Book Review – Cults in Our Midst: The Hidden Menace in Our Everyday Lives.
The publication of a book must, inevitably, be a matter of gratification for the author. In this case, the publication of Cults in Our Midst will also be a source of gratification for all those who have long admired the wisdom and dedication that Dr. Margaret Singer has brought to the cult-awareness effort. “Margaret Singer stands alone in her extraordinary knowledge of the psychology of cults”–those are the opening words of the book’s Foreword, contributed by Robert Jay Lifton. And that Foreword is “must reading” for anyone who finds himself or herself in need of guidance about the cult phenomenon; it is a precious enrichment of this fine book.

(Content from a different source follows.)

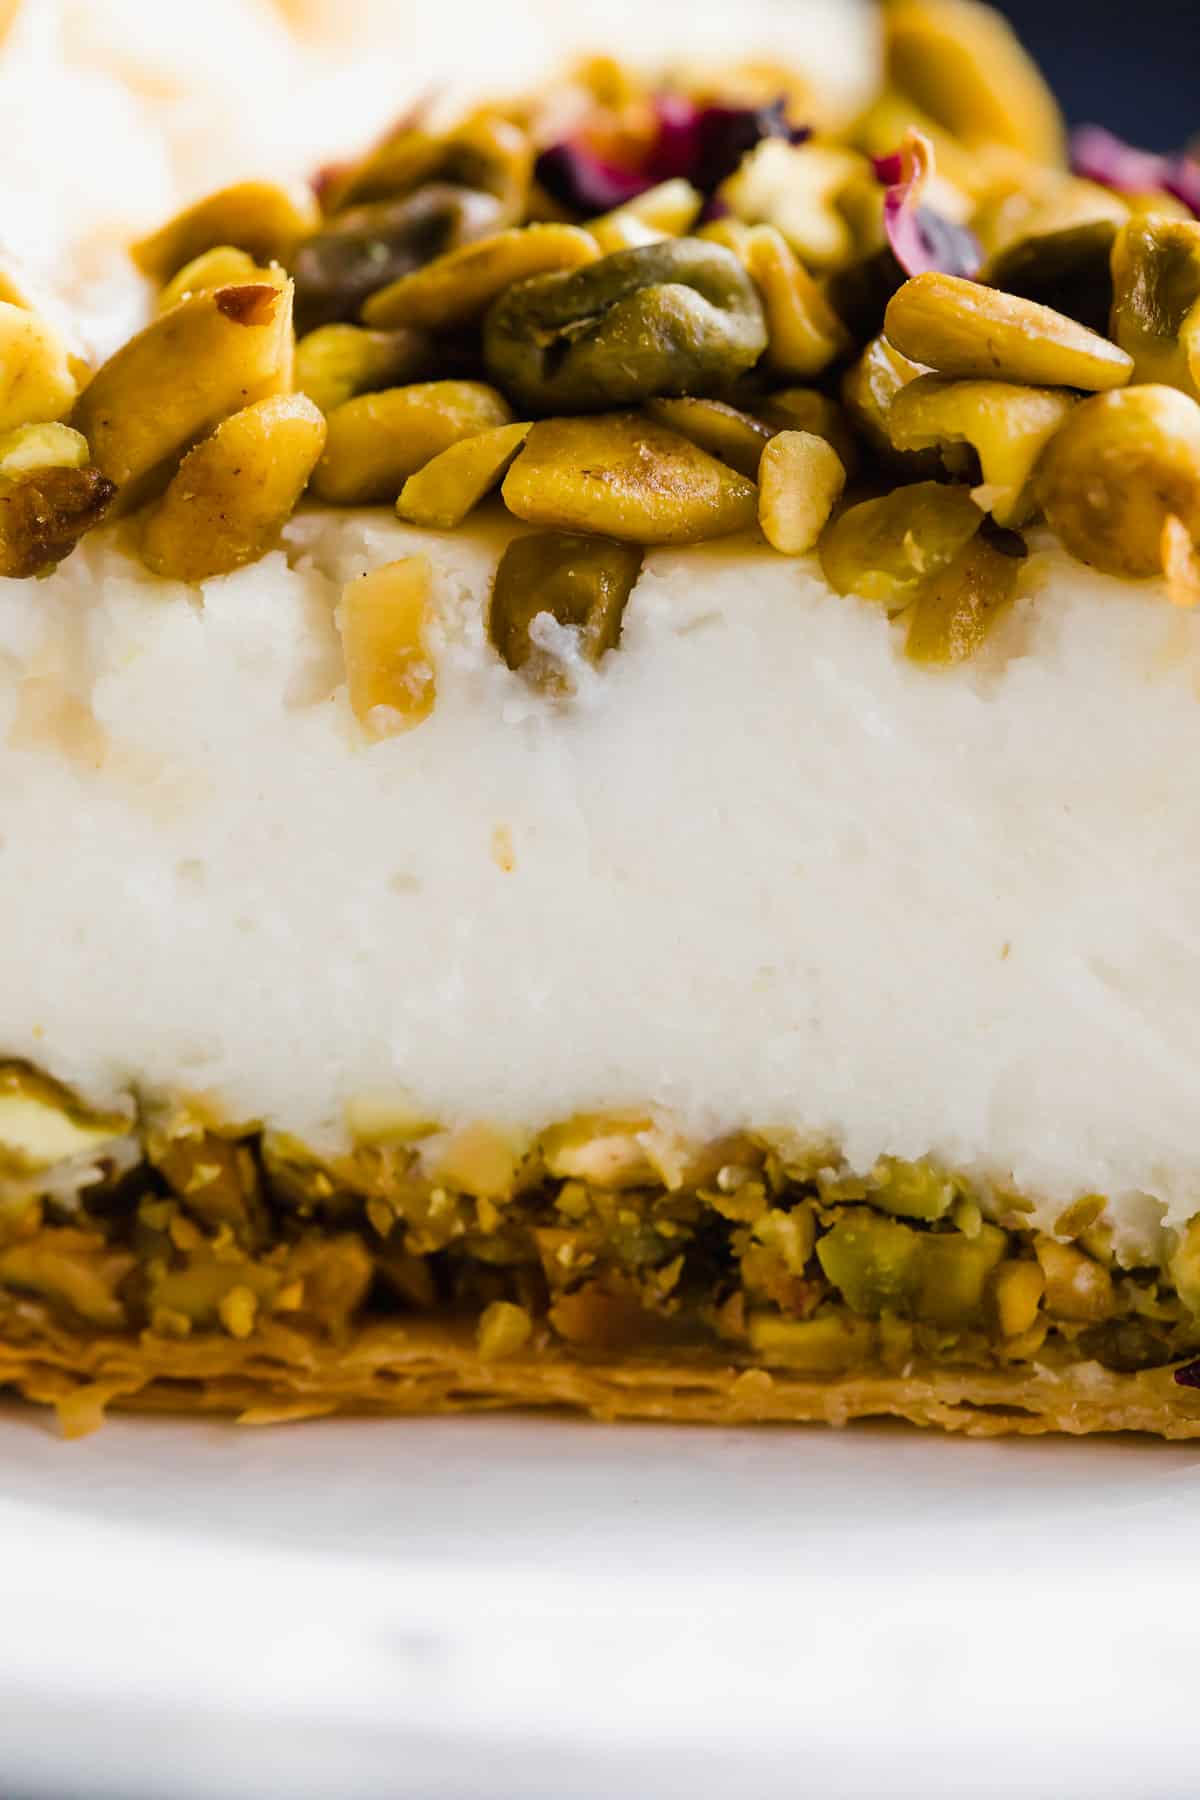 close up view of cross section slice of baklava cheesecake

Among her acknowledgments, the author expresses gratitude to “the more than three thousand cult victims who shared their stories, their pain and their healing with me, helping me to learn about cults and the harm they have brought upon so many.” Implicit here is the humble admission that even a well-trained psychologist can continue to grow in her understanding of this complex problem which bedevils the existence of contemporary humankind.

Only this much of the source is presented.